YABAN HAYVANI GEÇİŞ KORİDORLARI YAPILMALI
Dünyanın pek çok ülkesinde karayollarının ve otobanların
üstlerine yaban hayatı geçiş koridorları yapıldığının altını çizen EKODOSD
açıklamasında; “Bu uygulama ova olması nedeniyle buradaki karayolu için uygun
olmasa bile, Söke-Milas karayolunun altında belirli kilometrelerde eski
yıllarda su geçmesi için yapılan menfezler, yaban hayatı geçiş koridoru olarak
düzenlenebilir” denildi. Yapılan incelemede, ölen su samurunun, Karanfil
Azmağı’ndan, yolun karşısında bulunan Erikli Azmağı’na geçeceği sırada ezildiği
tahminin yapıldığına dikkat çekilen açıklamada şu görüşlere yer verildi, “Yaban
hayvanlarını karayolundan başka bekleyen en büyük tehlike, yaşam alanlarının
yok olması ve azalmasıdır. Bu anlamda Söke Ovası’nda bulunan eski menderes
yatakları olarak bilinen azmakların önemi çok büyüktür.

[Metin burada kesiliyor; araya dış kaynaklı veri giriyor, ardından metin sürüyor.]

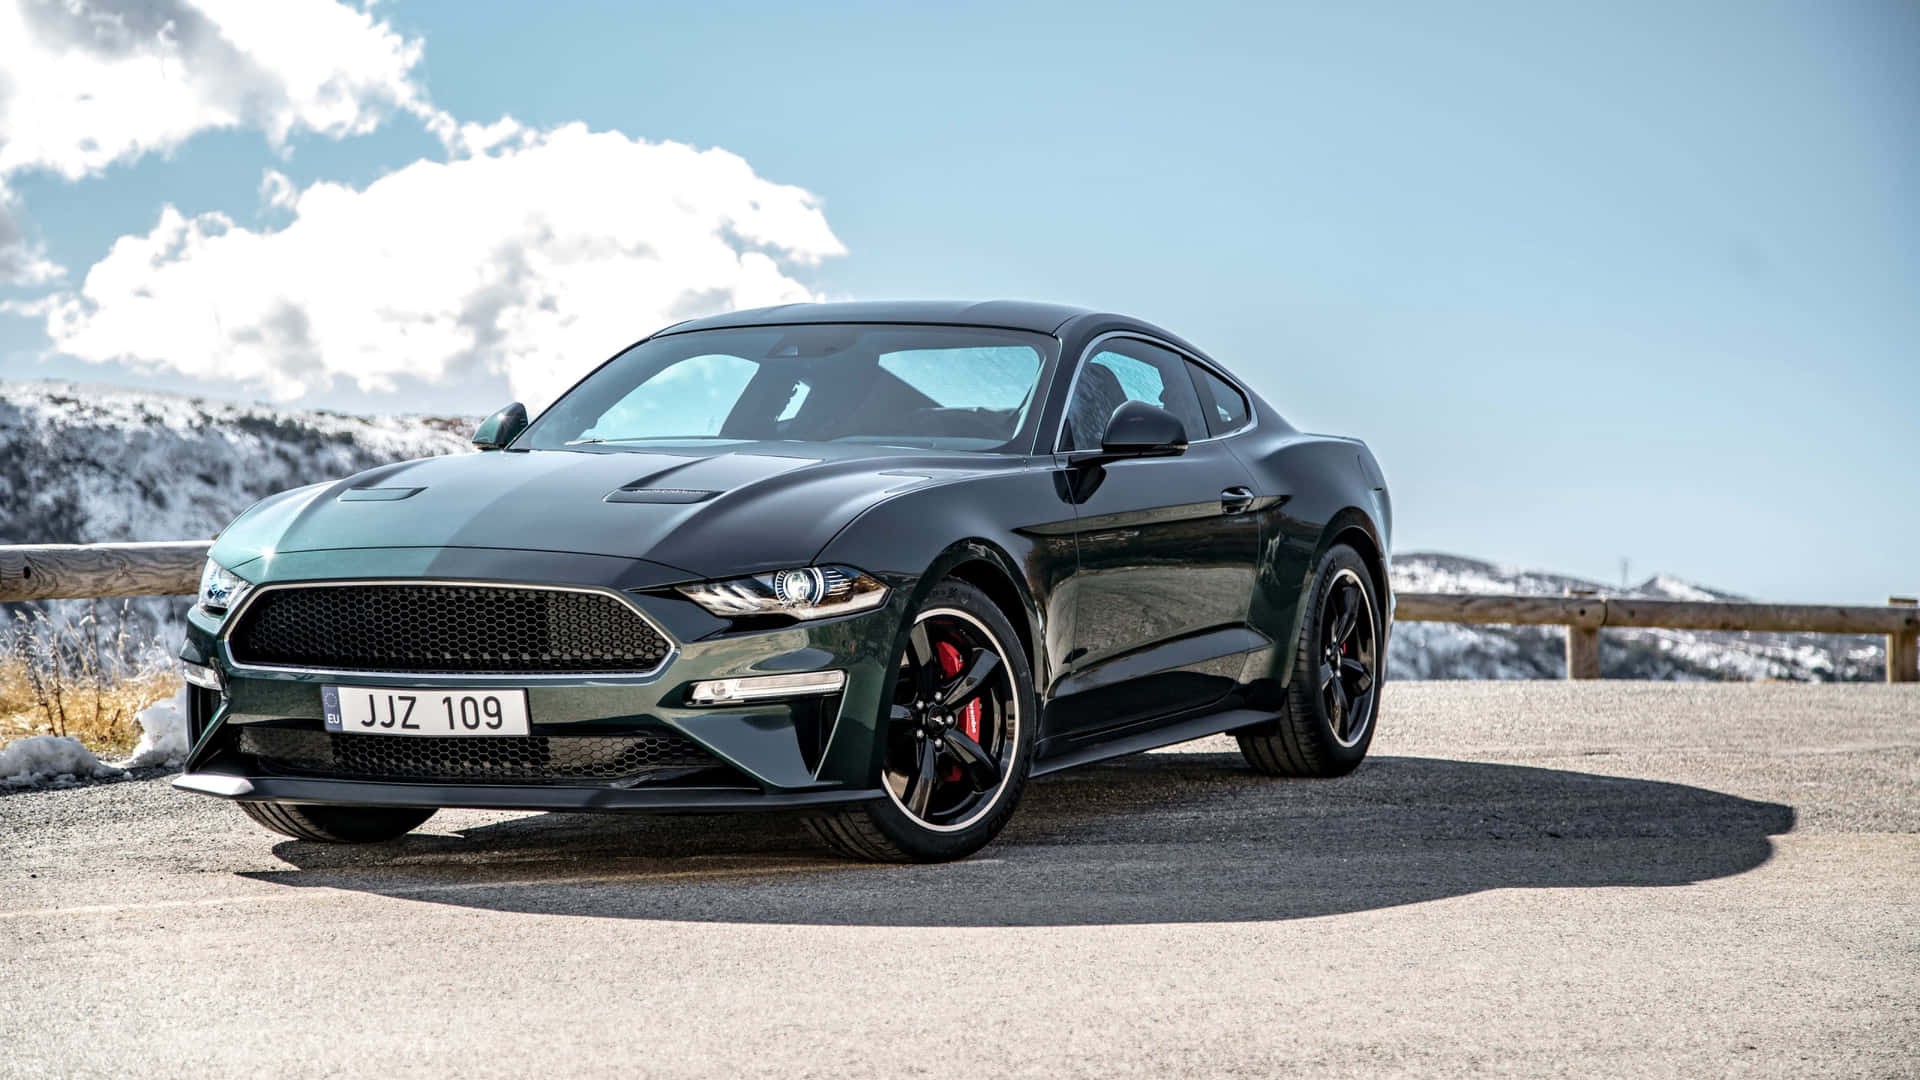 Ford Mustang Bullitt: A Classic and Powerful Muscle Car Wallpaper

Bu azmaklar, başta su
samurları olmak üzere, pek çok yaban hayvanının, sürüngenin, amfibinin ve su
kuşlarının yaşam alanı olduğu gibi, aynı zamanda Dilek Yarımadası, Bafa Gölü ve
Beşparmak Dağları’na geçiş koridoru sağlayan çok önemli sulak alanlardır.”
EKODOSD, sağlıklı bir sulak alan ekosisteminin göstergesi olan su samurlarının Söke Ovası’ndaki azmaklarda yaşadığı bilinse de, bugüne kadar kayıt altına alınamadığına vurgu yaptı.
EKODOSD, sağlıklı bir sulak alan ekosisteminin göstergesi olan su samurlarının Söke Ovası’ndaki azmaklarda yaşadığı bilinse de, bugüne kadar kayıt altına alınamadığına vurgu yaptı.